I stare down at the ink smeared across the corner of my notes, where my hand had been trembling earlier. “He scared me.”

“He scared me, too.” A safe silence stretches between us before she continues. “You need anything? Hot meal? Nap? Jesus?”

I laugh, and it comes out watery. “Mostly carbs and maybe a hug. A new nervous system, if you’ve got one lying around.”

“Sorry, sweetheart. I’m fresh out. But I can make a mean pot of mac and cheese and threaten your man-child with bodily harm if he doesn’t call his mama before heading to the game.”

“You want me to put it in writing?” The words break on a shaky chuckle.

“No, I want him to call me, or I’m calling Cooper. We both know none of us wants to get him involved if we don’t have to.”

“That’s a low blow, Auntie Mel, but I’ll pass along the threat.”

“Good. And you take care of yourself. You’ve got that tired edge in your voice again—the one that says you’ve been running on caffeine and concern for three days straight.”

I swallow, throat thick. “I’m okay.”

“Uh-huh. And I’m Taylor Swift. Eat something that grew out of the ground, and get some sleep.”

“I love you, Auntie Mel.”

“Love you more. Tell that boy I said he’s not invincible, and neither are you.”

The call ends, but her words stay lodged under my skin like a splinter I can’t quite reach.

Beau slides to a stop beside Ford, tapping his stick on the ice as he mimics the correct way to get a slap shot. Ford says something, causing Beau to laugh, but it doesn’t reach his eyes.

He’s out there pretending as if nothing ever happened.

Like his body didn’t betray him and his entire world didn’t crack open a little over a month ago.

He won’t talk about it; he just keeps showing up with that stubborn look on his face, skating like denial can outrun reality and silence can patch over the damage.

So, I’ll do what I always do. I keep things running at the rink while also keeping an eye on him.
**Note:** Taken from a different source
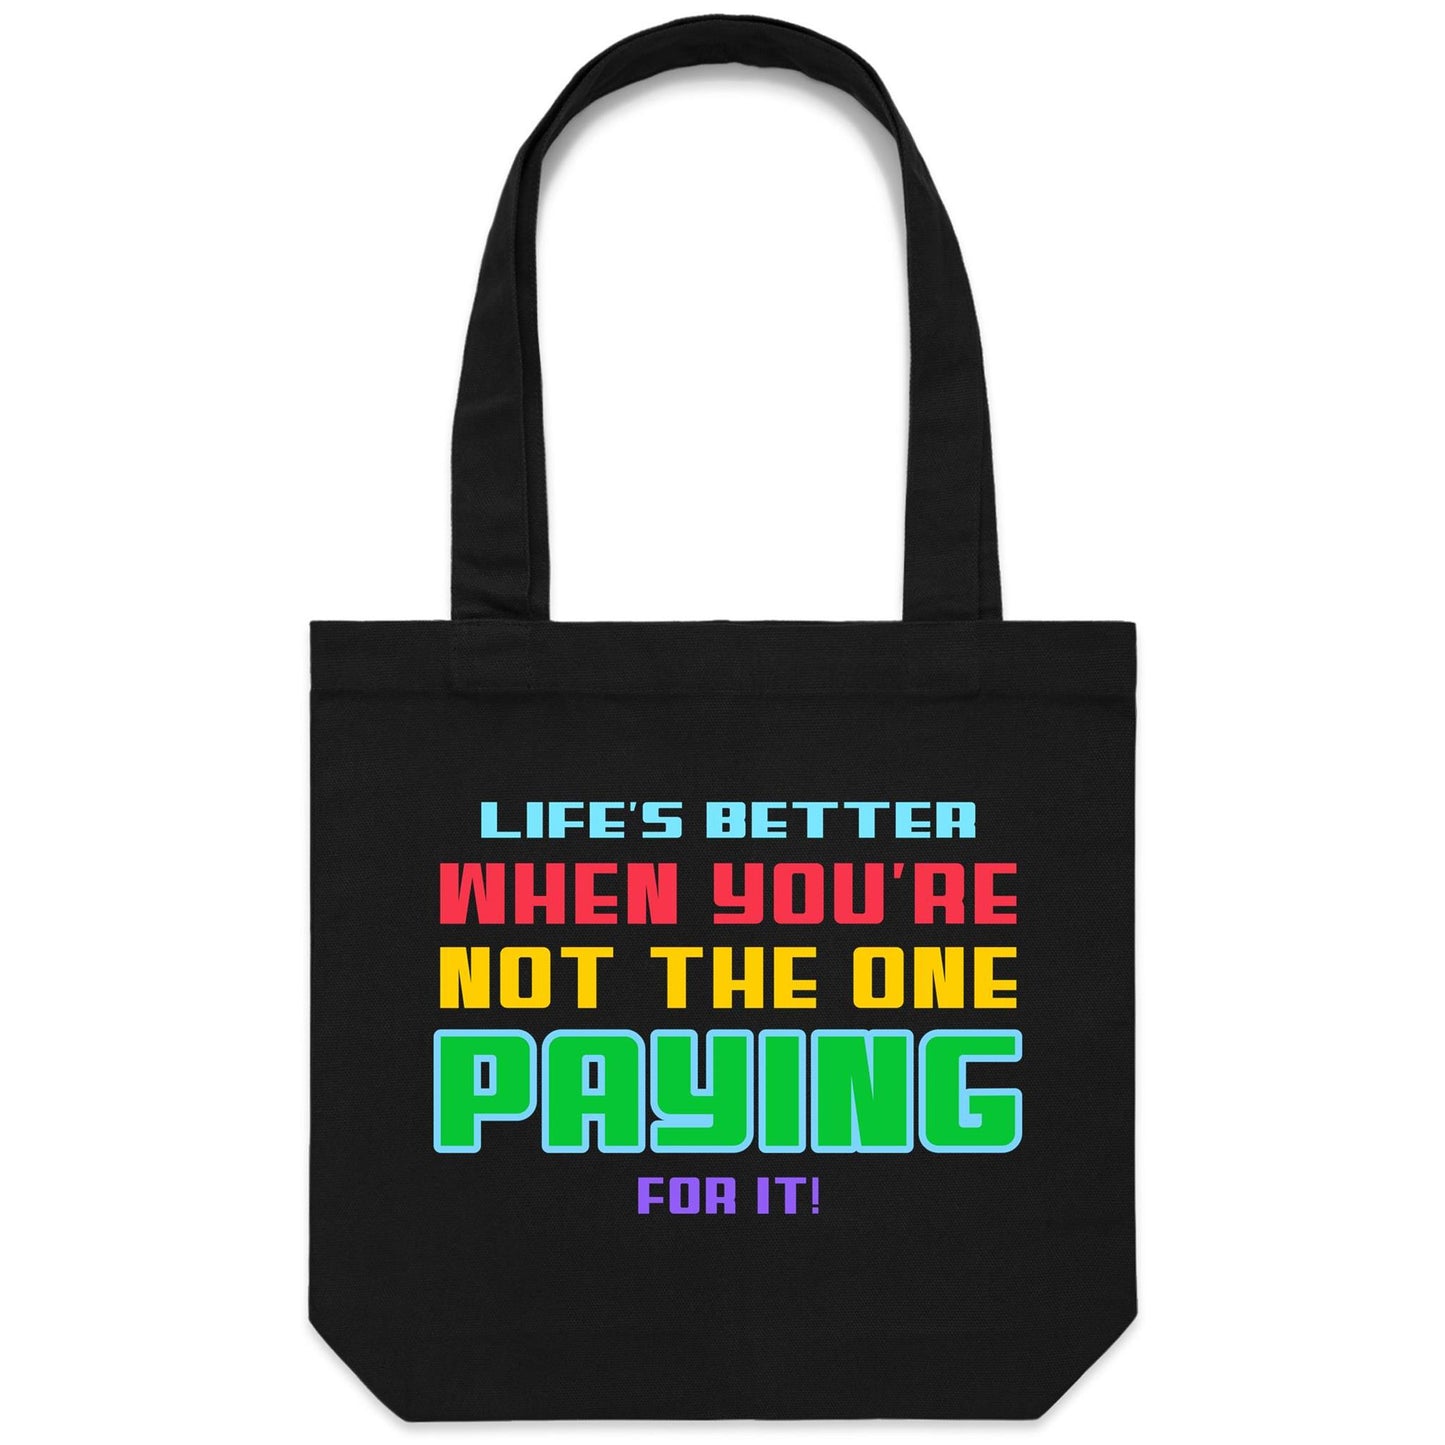 Life's Better - Canvas Tote Bag Black One-Size Tote Bag kids

Be the office manager with a desk full of overdue invoices, practice rosters, and a heart that hasn’t stopped pounding since the moment I found out he collapsed on the ice.

I tuck my phone into my pocket, forcing my legs to move. My stomach does that thing again, twisting and warning me that something’s still not right. Technically, I’m here to check on inventory in the med room and finish up payroll for this week, but everyone knows what I’m really still doing here.
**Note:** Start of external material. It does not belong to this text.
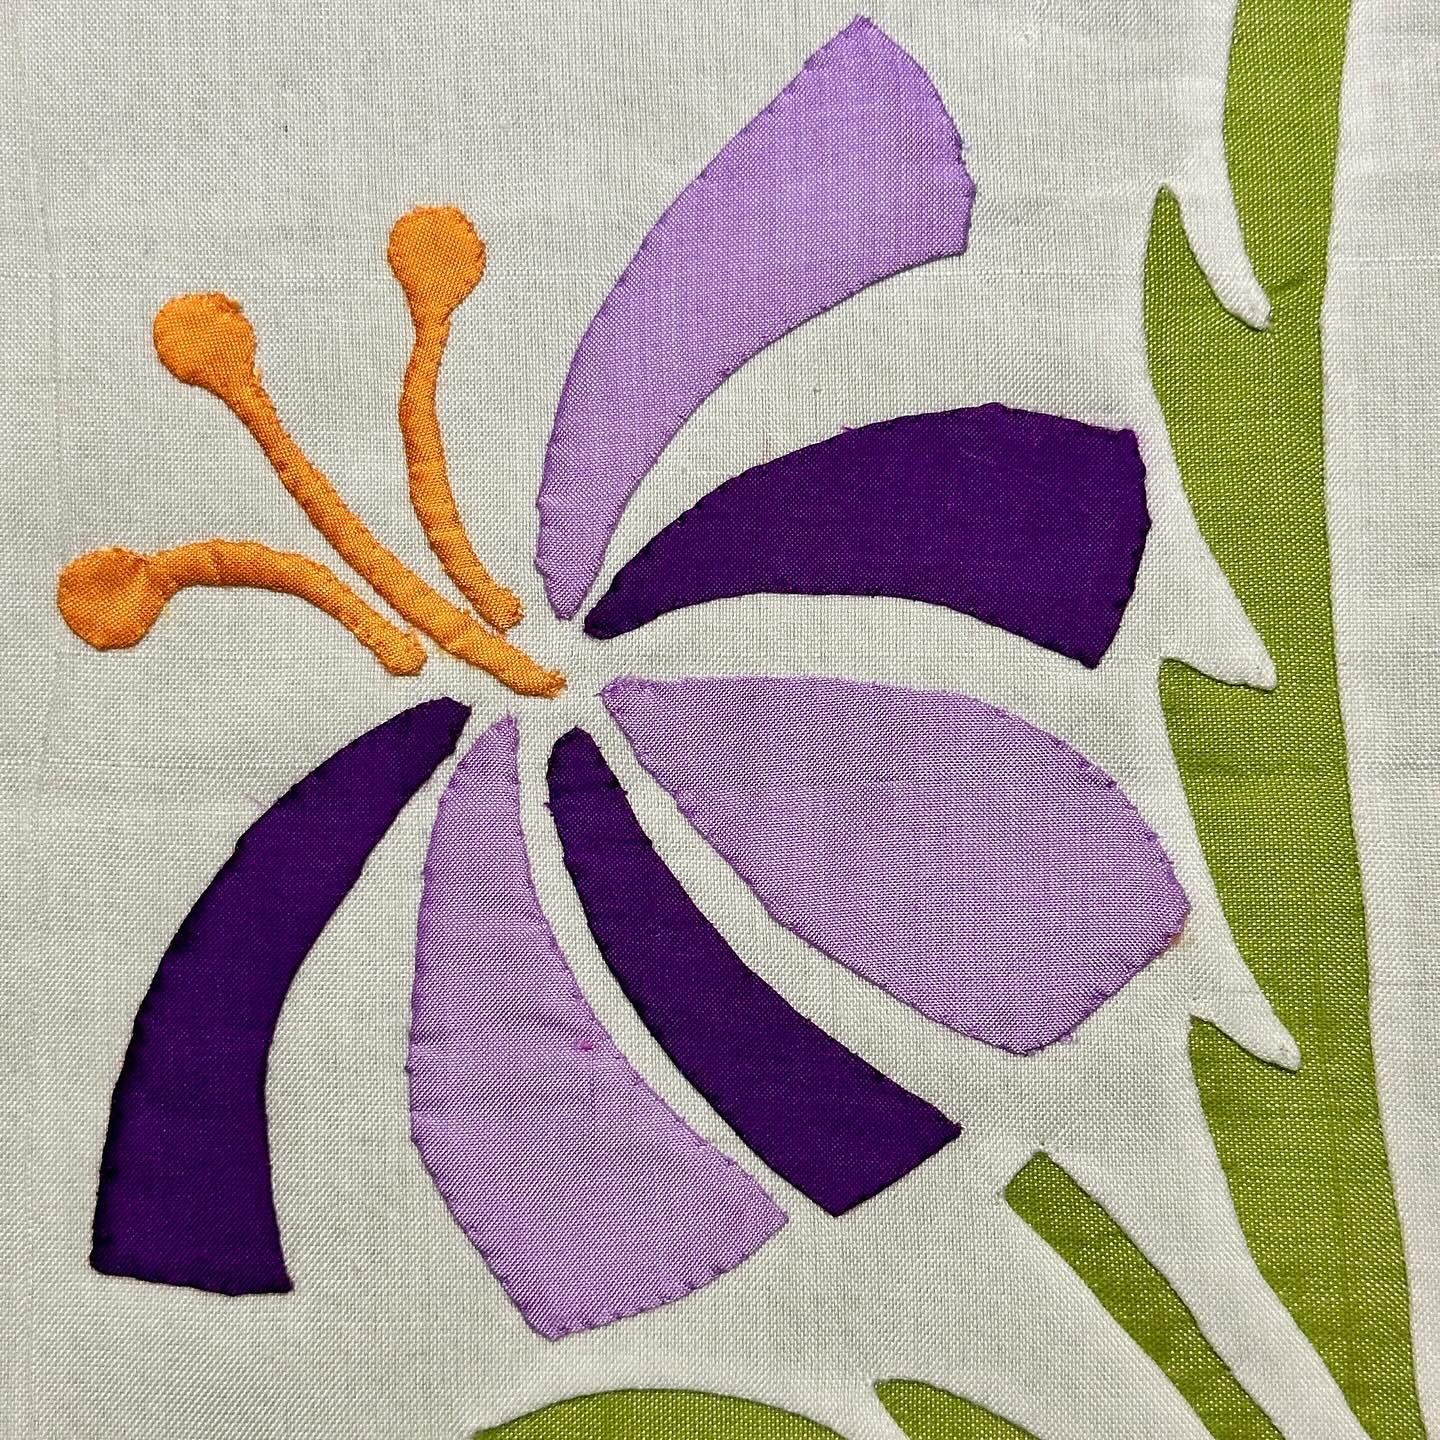 Dimensions in Appliqu&eacute; at @aqsonline QuiltWeek Paducah next week.  More ways in process : mixing fibers- Thai silk with Burma silk from @spiritoftheartisan , silk with velvet hand embroidered on; silk with wool hand embroidered on; wool with v

The chill of the rink hits me as I slide my headphones over my ears, step through the side door, and sit on the bench. The air curls under my skin like it’s trying to remind me what cold really feels like. The sharp scent of ice and rubber and sweat rushes up to meet me.

The boys are already moving through passing drills, their blades carving smooth arcs into the surface as other parents watch from the stands.

I glance up and catch sight of Ramona perched up in the stands, Ford’s mom beside her with a travel mug the size of her head.

And then there he is: Beau Hendrix. Not in the net or suited up, but watching.

He stands with his arms crossed near the corner of the bench, one glove still in his hand, shoulders squared like he belongs exactly where he is.

But there’s a tension in him that doesn’t match the ease he’s trying to project.

His weight shifts off his left leg before going back again, like he’s testing his weight, or is he hiding something?

His jaw flexes when Ford misses a clean pass from Darius, and again when one of the newer players skates too wide on a turn.

It’s not frustration, but something deeper.

I know every part of him wants to be out there, showing them how it’s done.

Proving to them and everyone else that he’s still one of the best goaltenders in the league, but he can’t.

His hands curl into fists and release: one, two, three times.

I know that look on his face. It’s the same one he wore when he was fifteen and was sidelined with a busted ankle, trying not to cry in the locker room while pretending he didn’t care.

The same look he had in the hospital when he finally let himself fall apart.

“Hey,” I call, stepping up beside him. “Try not to give yourself an aneurysm just from glaring.”

“I’m not glaring. I’m observing.” He glances at me, the corner of his mouth tilting up.